Leave out the pictures and restate exactly, and only, the lines from the one that contains "Lois Pryce's motorbike" through the final line of the material below.

> [Source material]:
>>>

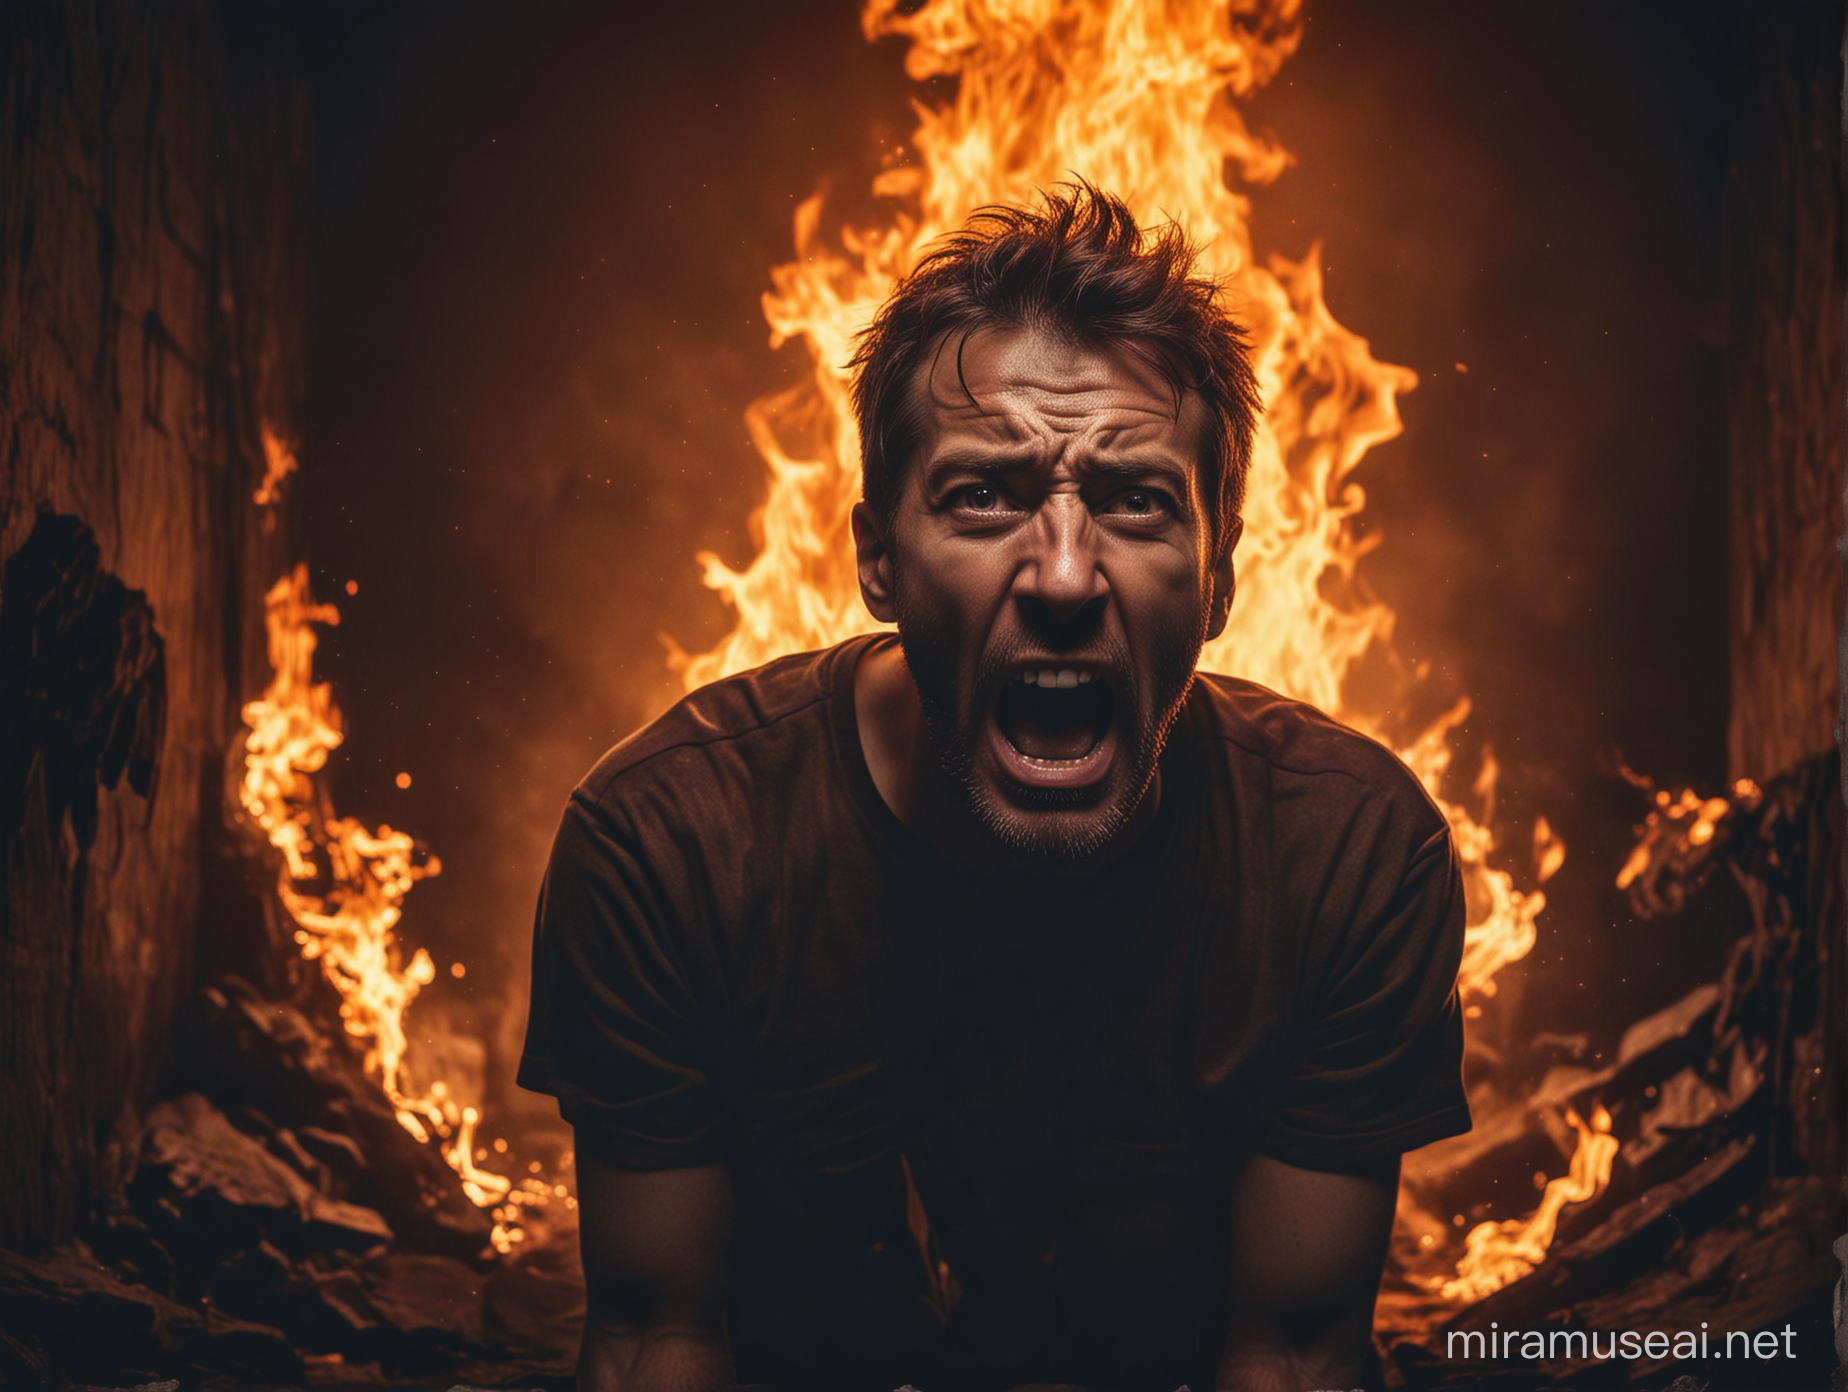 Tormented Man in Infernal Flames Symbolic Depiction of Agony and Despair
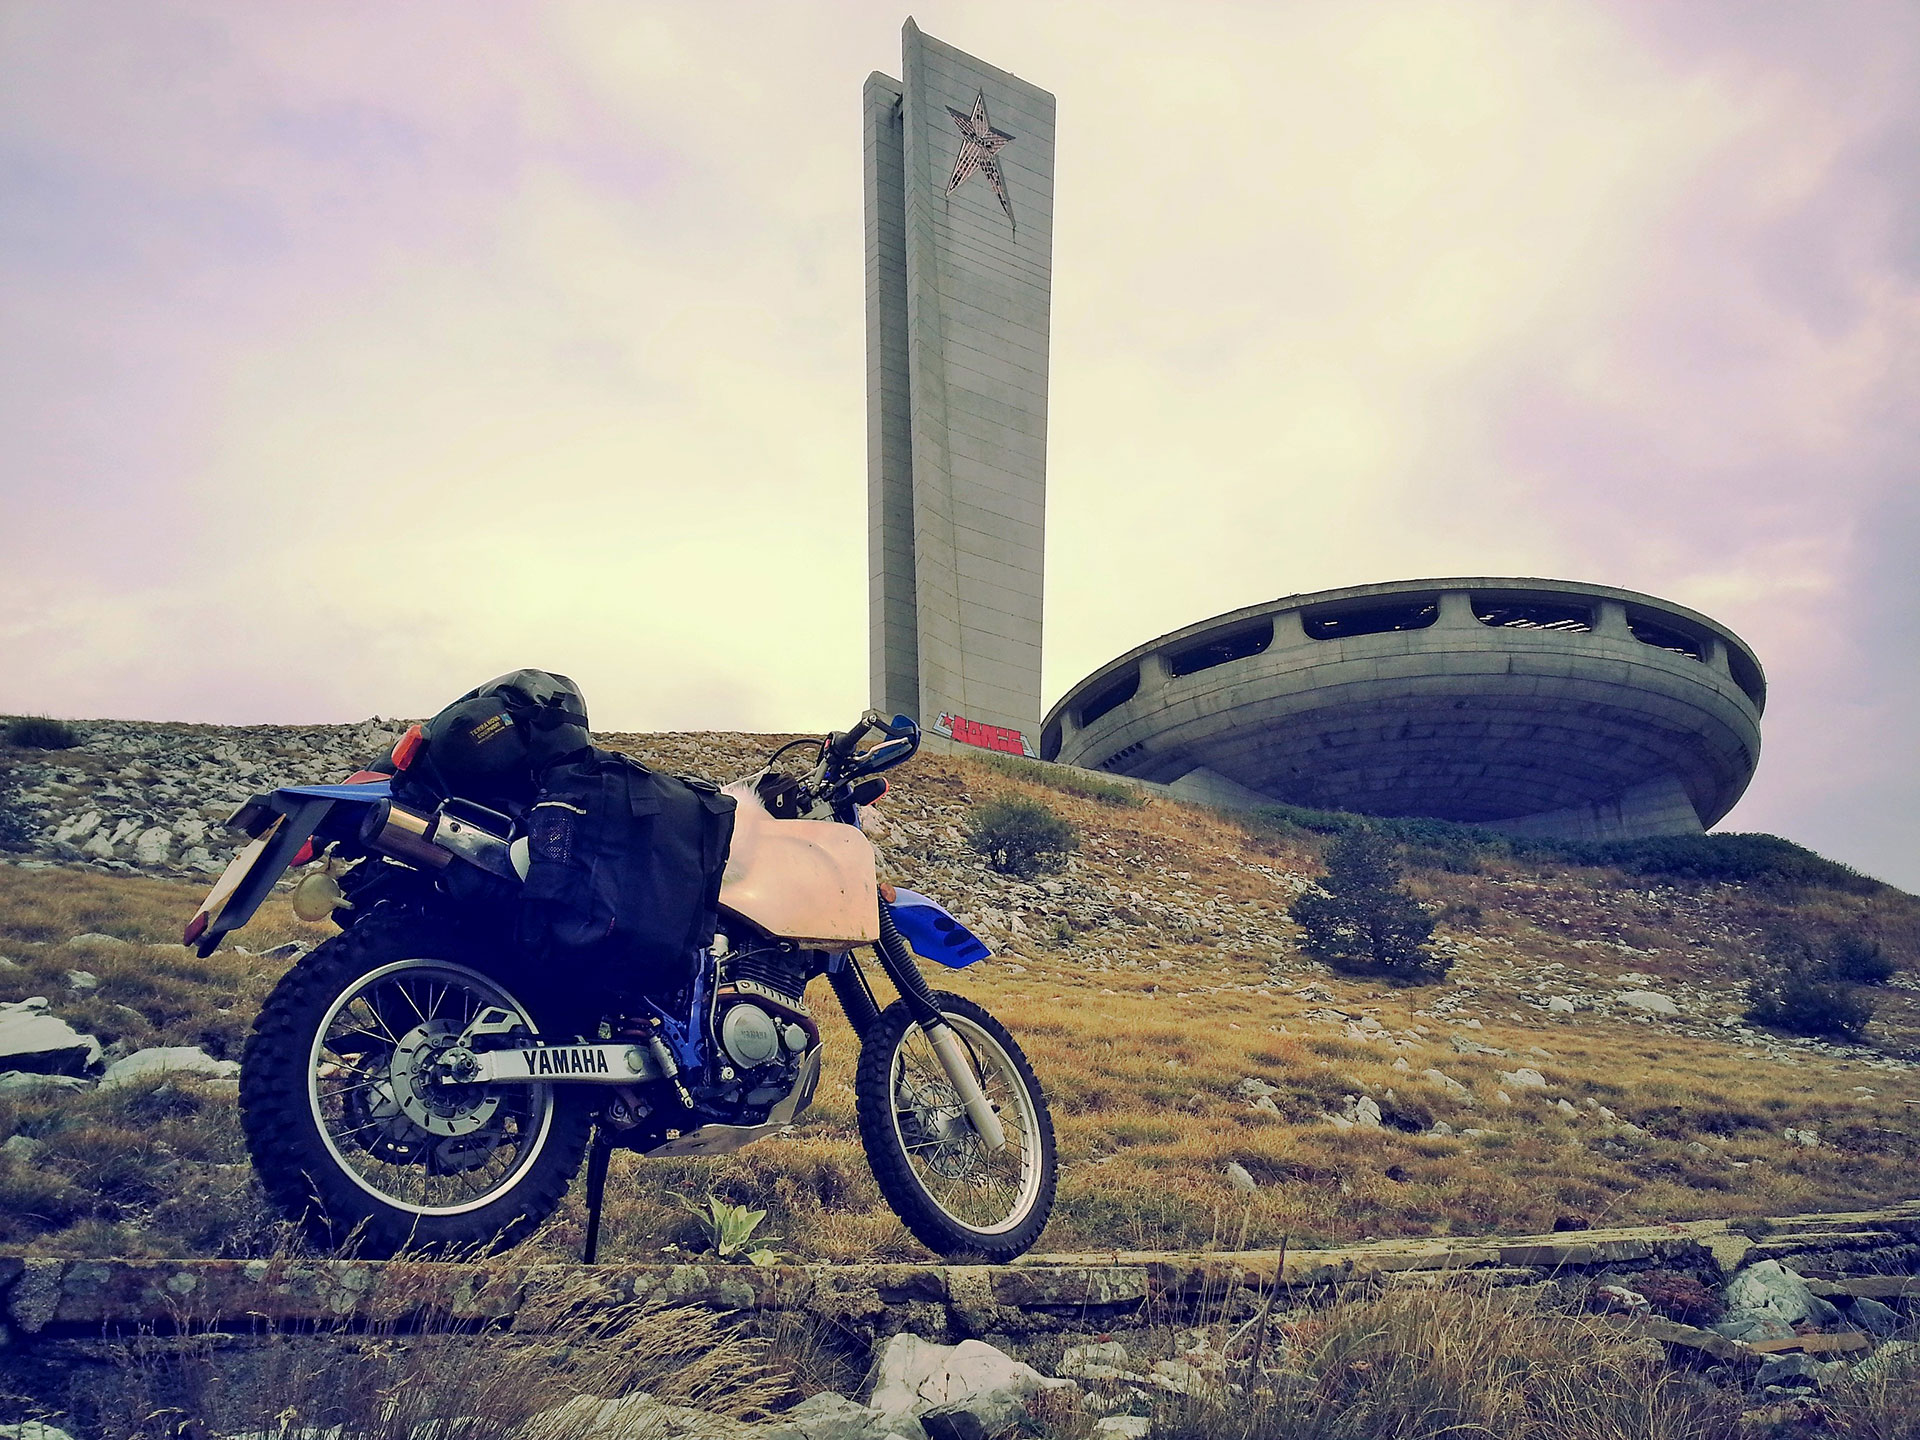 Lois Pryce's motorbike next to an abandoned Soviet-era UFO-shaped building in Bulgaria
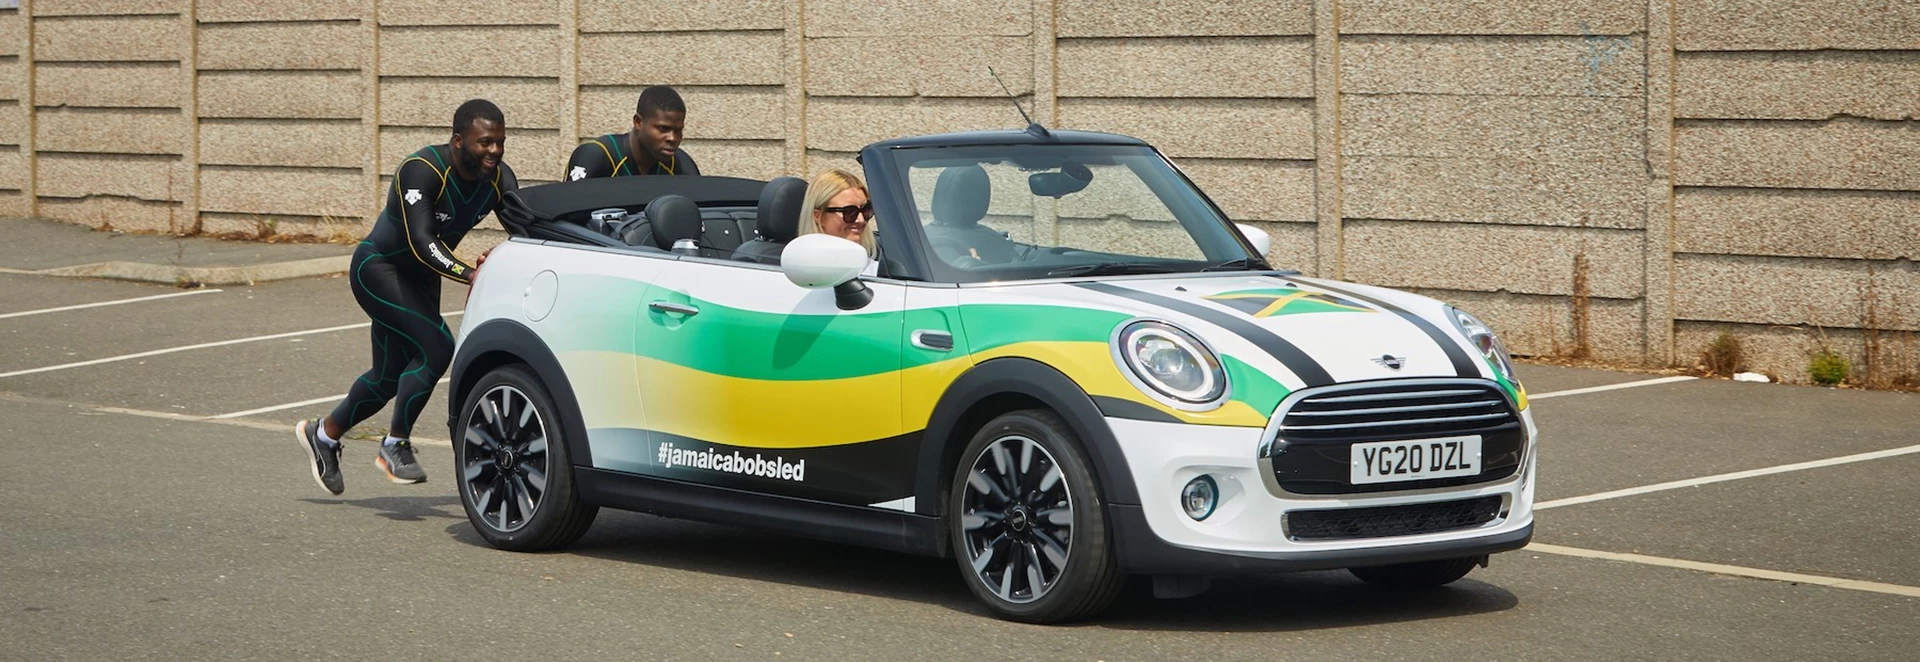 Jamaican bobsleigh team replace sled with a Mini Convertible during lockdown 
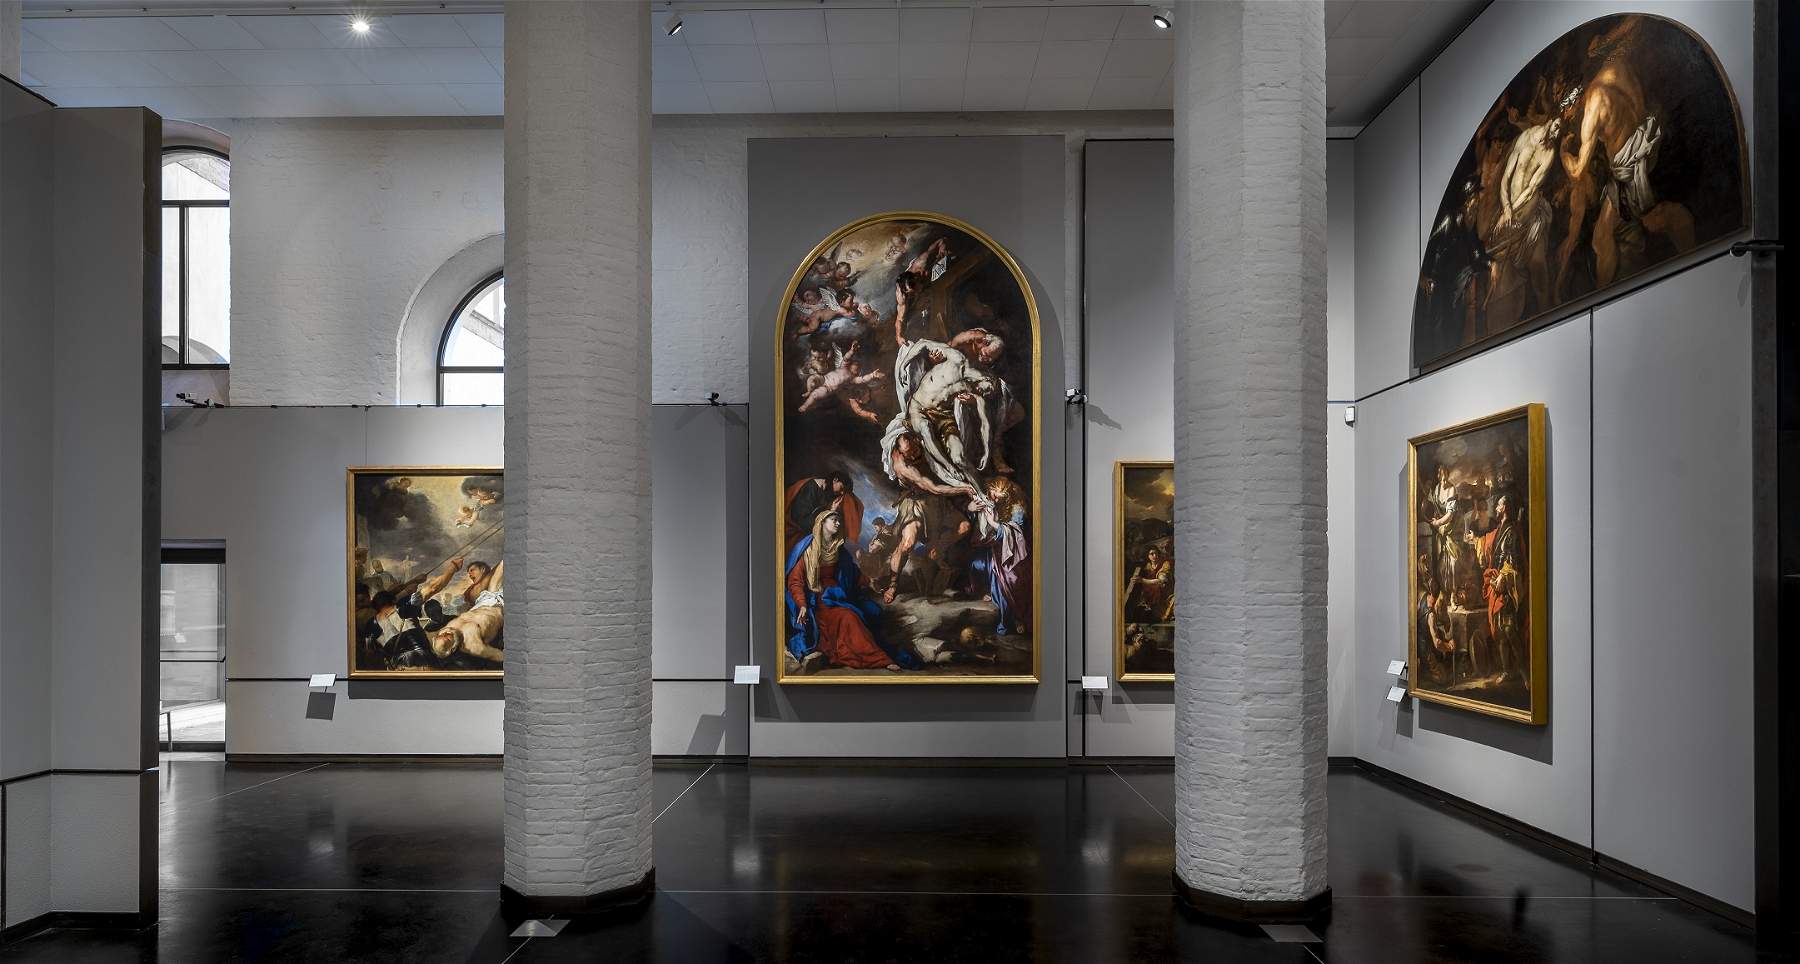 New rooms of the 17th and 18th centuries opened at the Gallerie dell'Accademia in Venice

<<<

> [Written response]:
 Lois Pryce's motorbike next to an abandoned Soviet-era UFO-shaped building in Bulgaria
 Jamaican bobsleigh team replace sled with a Mini Convertible during lockdown 
 New rooms of the 17th and 18th centuries opened at the Gallerie dell'Accademia in Venice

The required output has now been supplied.